_DATA BLOCK_
-*-

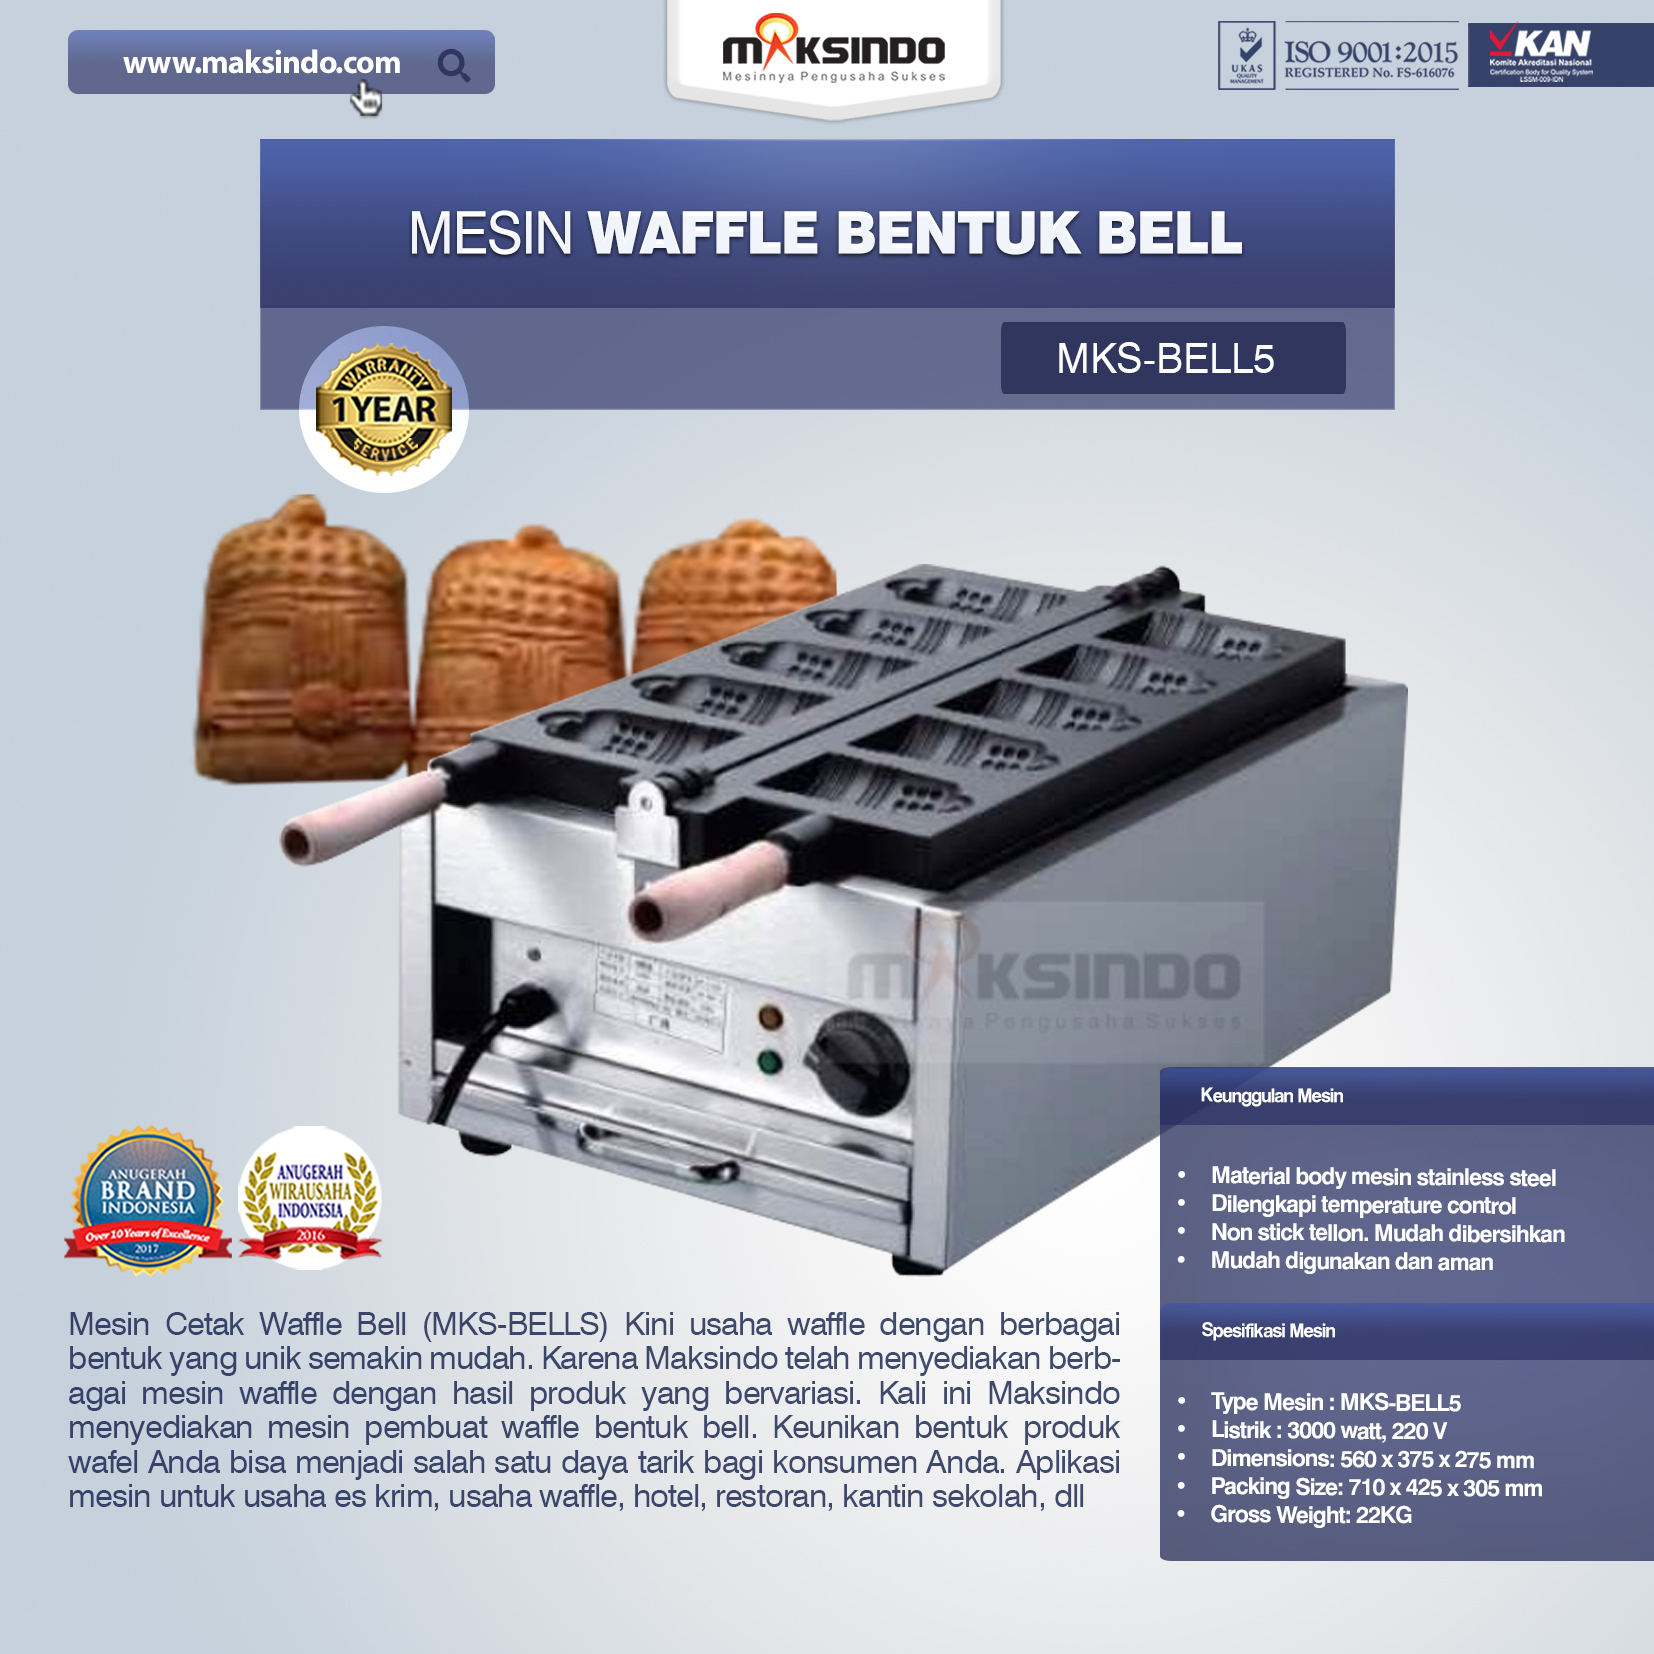 Mesin Waffle Bentuk Bell (MKS-BELL5)
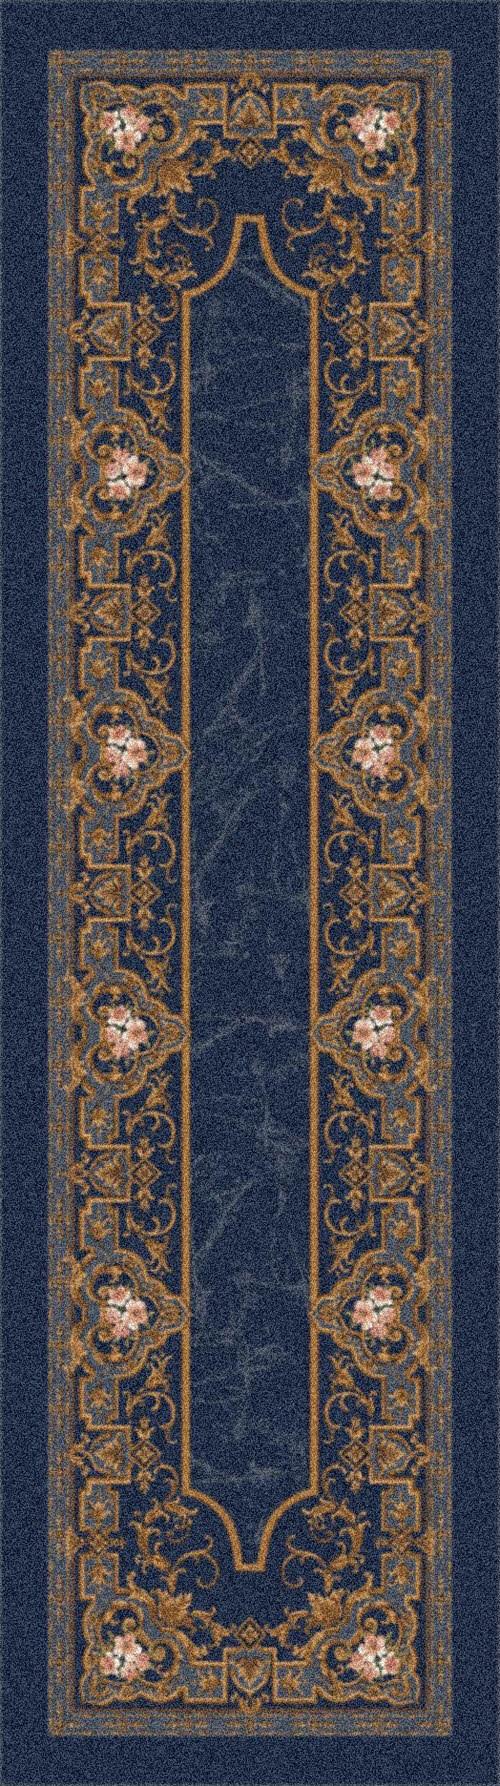 Phantom Blue (621)  Traditional / Oriental Area Rug
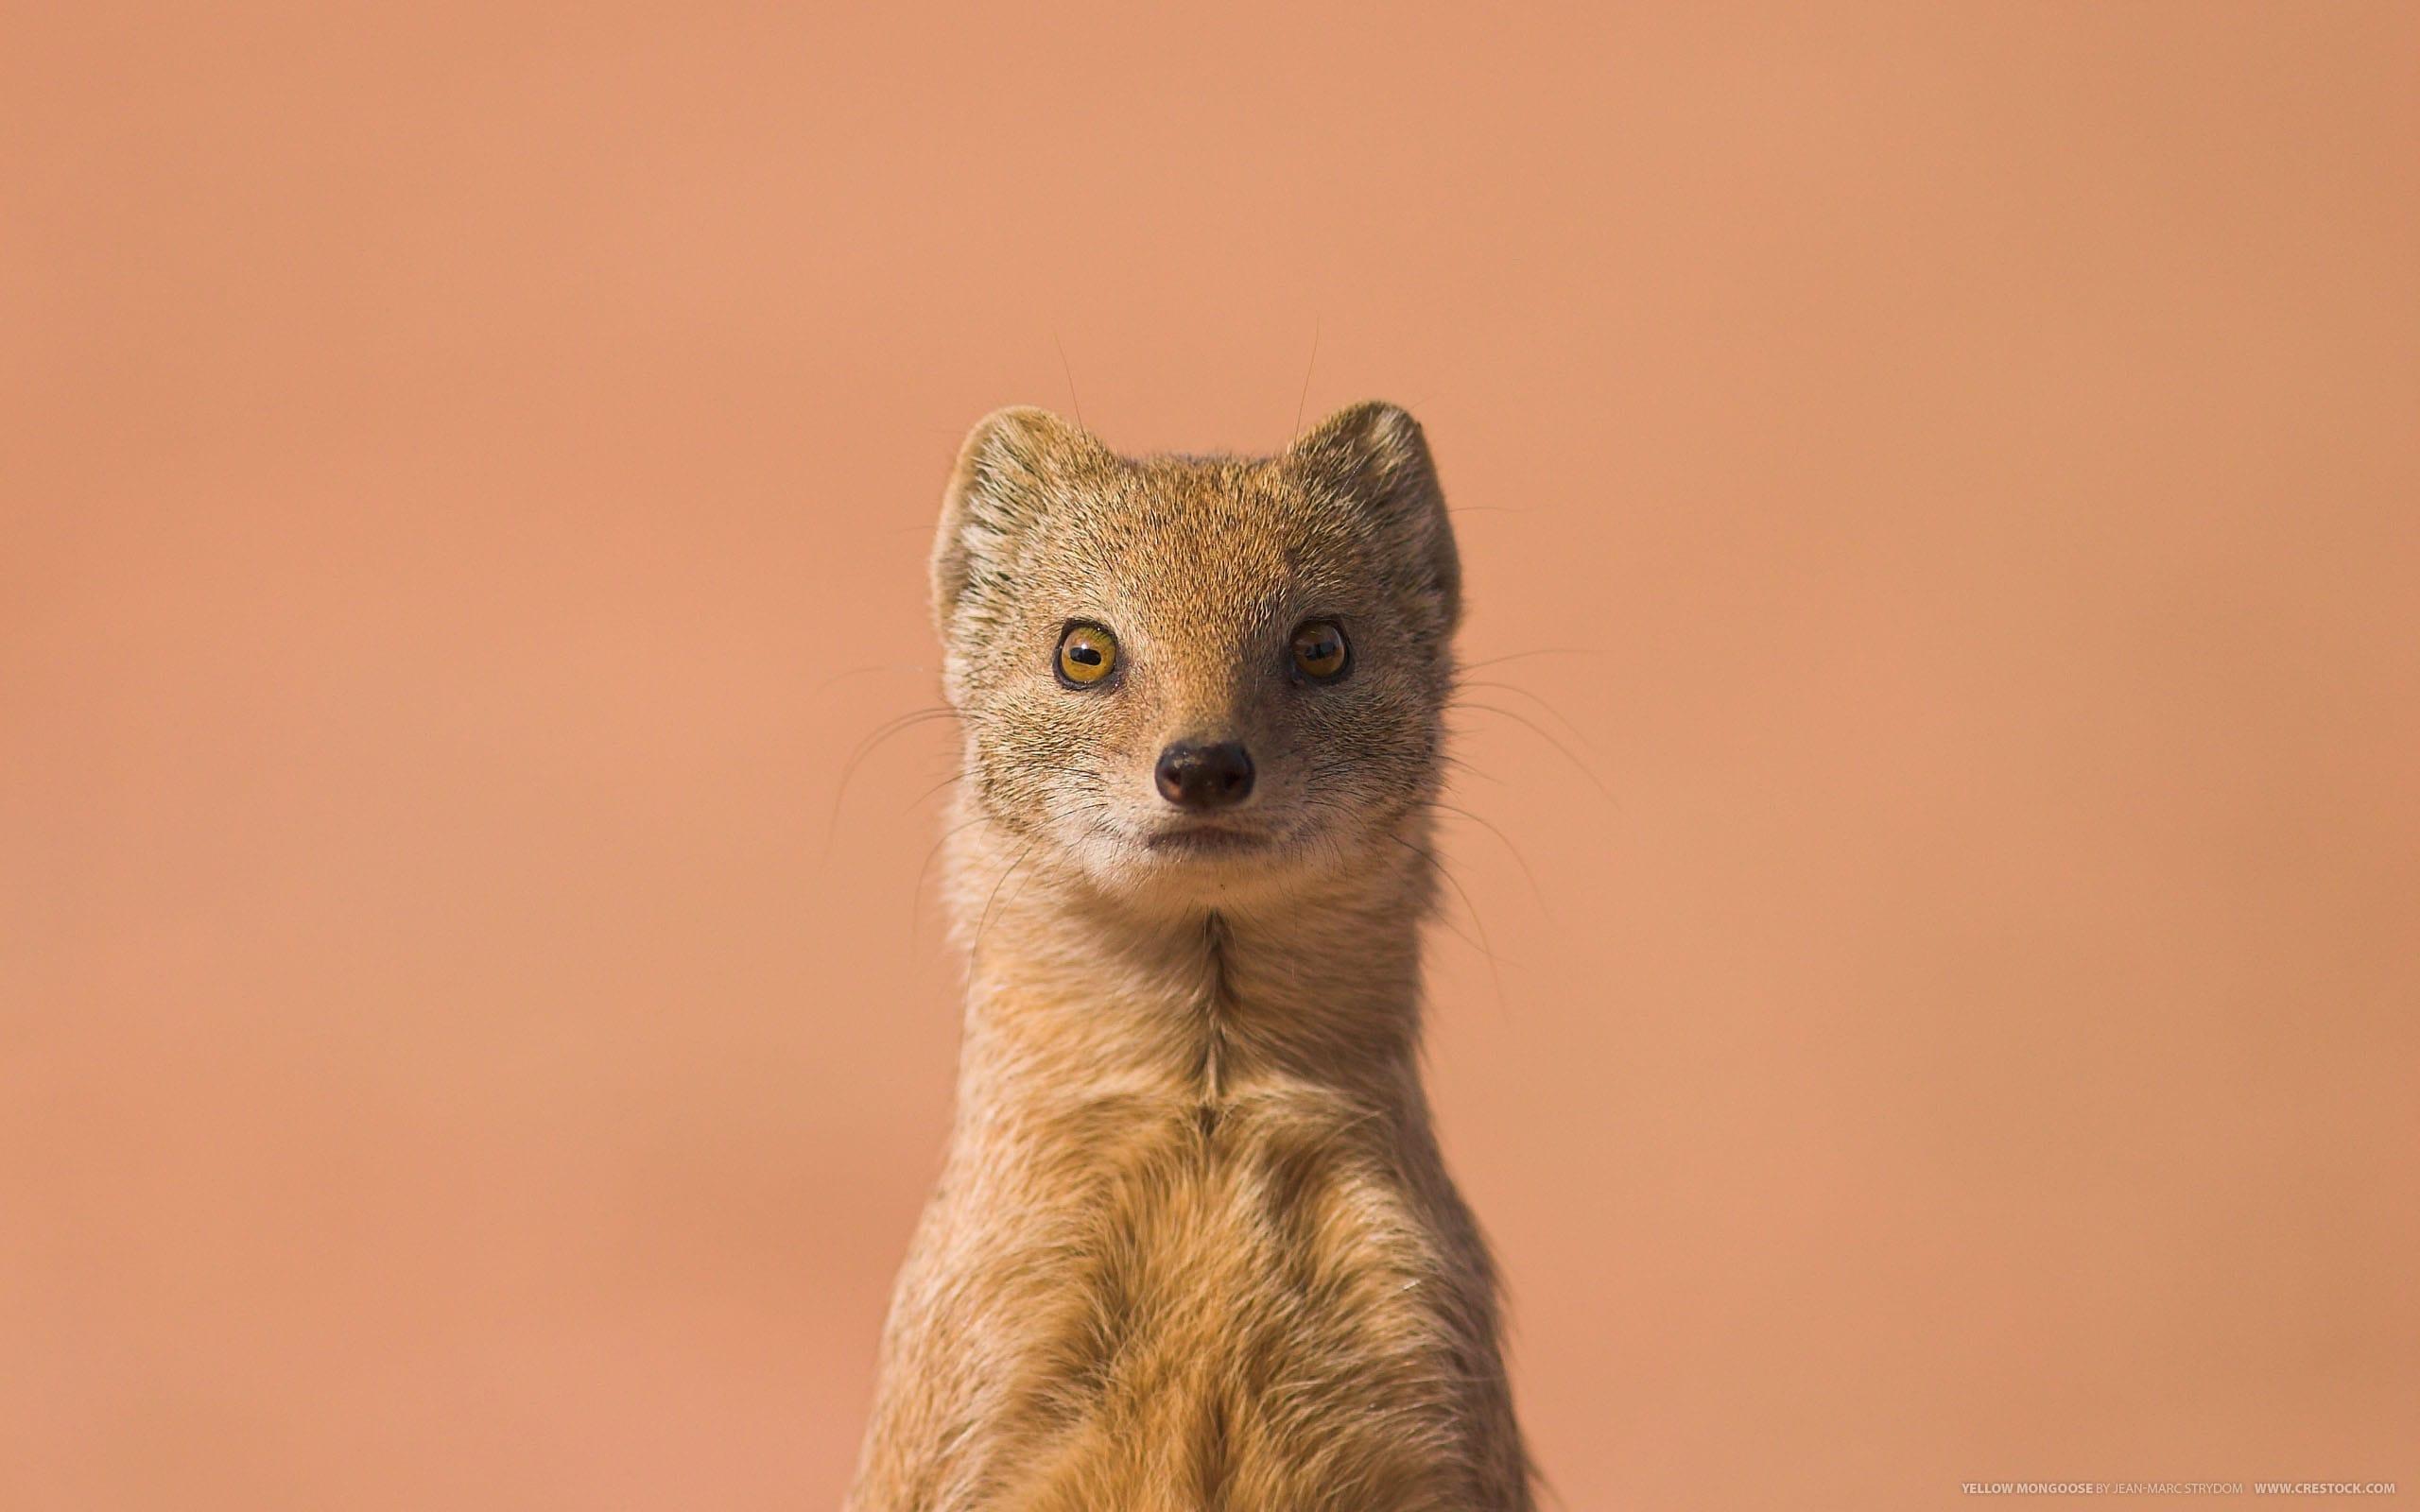 Mongoose widescreen wallpapers

-*-

_AIM OF THE TASK_
All of the data must be given again exactly, without the pictures.

_RESPONSE FOR THIS EXERCISE_
 Mesin Waffle Bentuk Bell (MKS-BELL5)
 Phantom Blue (621)  Traditional / Oriental Area Rug
 Mongoose widescreen wallpapers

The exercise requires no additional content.